Beck Weathers came about as close to dying and still survive as is possible in the Death Zone of Mt. Everest. Left for dead three times, Weathers managed to claw his way to camp and eventually get down the mountain with the help of a miraculous helicopter rescue.
Twenty years later, Weathers is still telling the world about the insights he gained on the mountain about the hollowness of success and the importance of relationships. Weathers’s hard-gained insights could apply to anyone but they might have special meaning for ME/CFS/FM patients stuck on their own Everests.
RESET
Weathers said his near-death experience gave him a chance to “reset his life” and make up his relationship with his family. Twenty years later, he remains happily married and considers the loss of his hands a small price to pay for his renewed relationship with his family.
Relationships
Beck was lucky: his family was willing and ready to return to him once he turned to them. People with ME/CFS/FM are not always so lucky. How to deal with loss or estrangement when it involves our significant others, family and friends?
Relationships, of course, can and often do get hit hard by ME/CFS/FM. Nobody, neither the patient nor the caregiver nor the significant other, is prepared for the changes that occur when one person has a chronic illness – particularly one as difficult or mysterious as ME/CFS/FM.
Relationships can shatter, leaving significant others and family members estranged and a person with ME/CFS/FM bitter, stressed-out and angry. That’s not a good state to be in for anyone with a disease that affects the stress response system.
Chronic fatigue syndrome (ME/CFS) and fibromyalgia are controversial illnesses that can produce misunderstandings, ruptures in important relationships, anger and just plain mistakes. In one memorable part of Unrest, a husband left his wife because he thought he was enabling her. He believed that leaving her would force her to get moving again and once she did that she would be fine. (That didn’t work out. He later apologized).
Some compassion for what they are going through might help. Cognitively challenged, fatigued, unable to participate in many activities, we’re not the same people that we used to be. The lives our significant others or family members envisioned having with us have mostly disappeared. That’s an incredibly hard adjustment to make, and compassion for those dealing with it can help.
Toni Bernard suggests letting go the expectations and demands we have that people behave a certain way. She points out that they often do not! Cultivating equanimity – the understanding that people come from different backgrounds, have their own life histories, etc. which affect their thoughts and actions – can provide some relief.
Toni found that letting go of the hidden ideal that everyone should understand our illness and be supportive brought her relief. (Check out any other hidden impossible ideals (even for the healthy) that may be causing distress…that you should be on top of everything, that you should never mess up, that you should be the go-to gal or guy, or the always supportive spouse, and then try letting them them go.)
One possibility I discovered in Landmark Education courses is to embrace the idea that our relationship with anyone is always wholly dependent on us.

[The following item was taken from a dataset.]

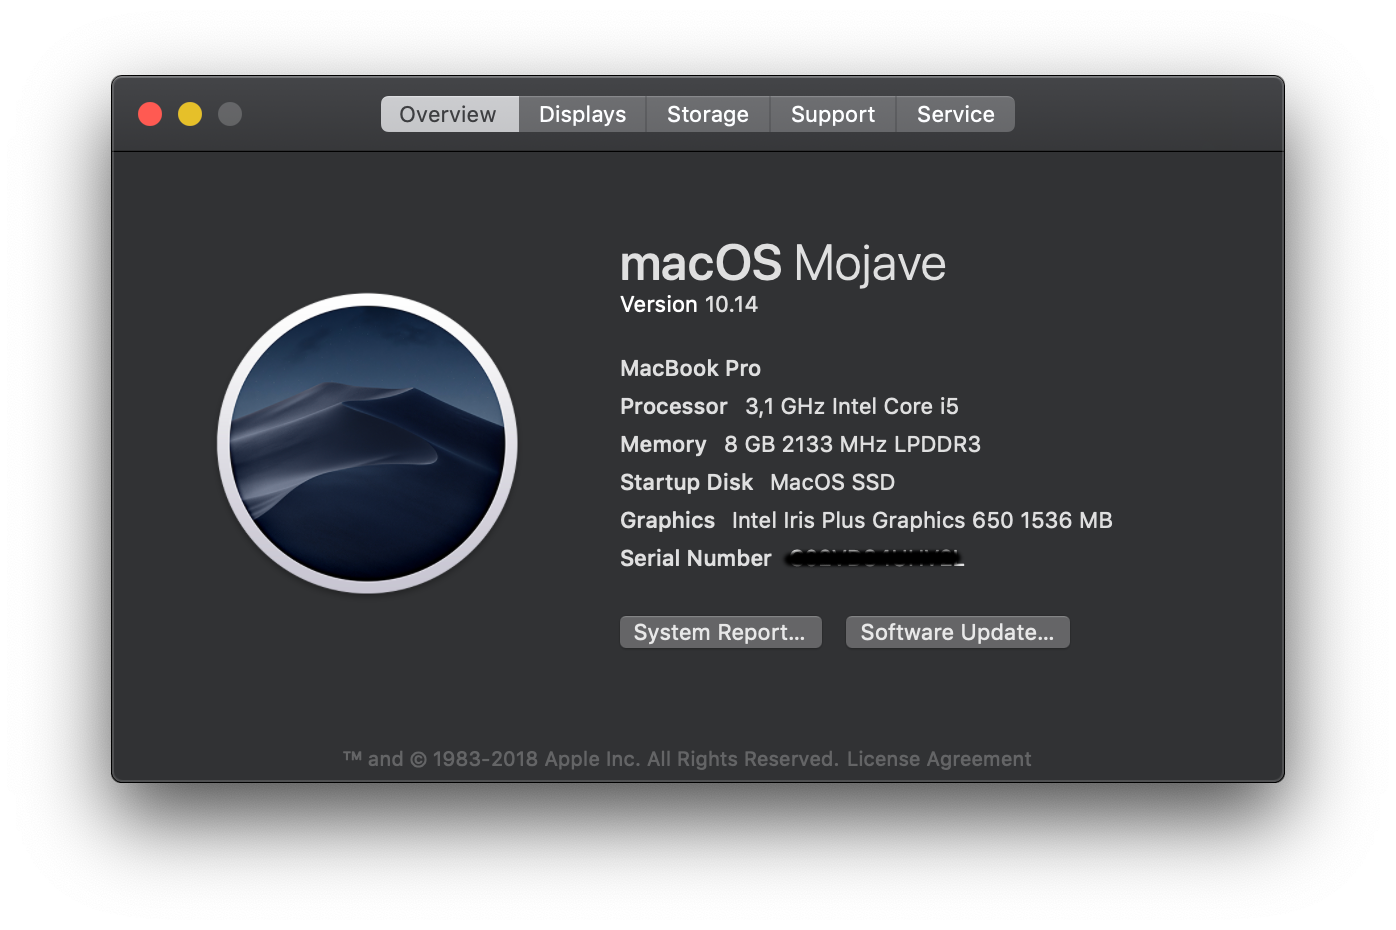 macOS Mojave release

That it is possible – not easy – but possible to have a loving or at least neutral relationship with someone who is angry or estranged from you. A famous Buddhist loving-kindness meditation first sends love and kindness to ourselves, then to a loved one, then to a neutral person and finally to a person we’re angry with. As Toni points out trying to understand where they’re coming from (frustrated?, confused?, overwhelmed?) is a good first step.
Letting Go
Weathers had been obsessed by his work and he’d been successful; he’d made a lot of money. Confronting death on the mountain, though, he realized that the drive to succeed, to look good – although it had taken up the vast amount of his time – was ultimately pretty meaningless.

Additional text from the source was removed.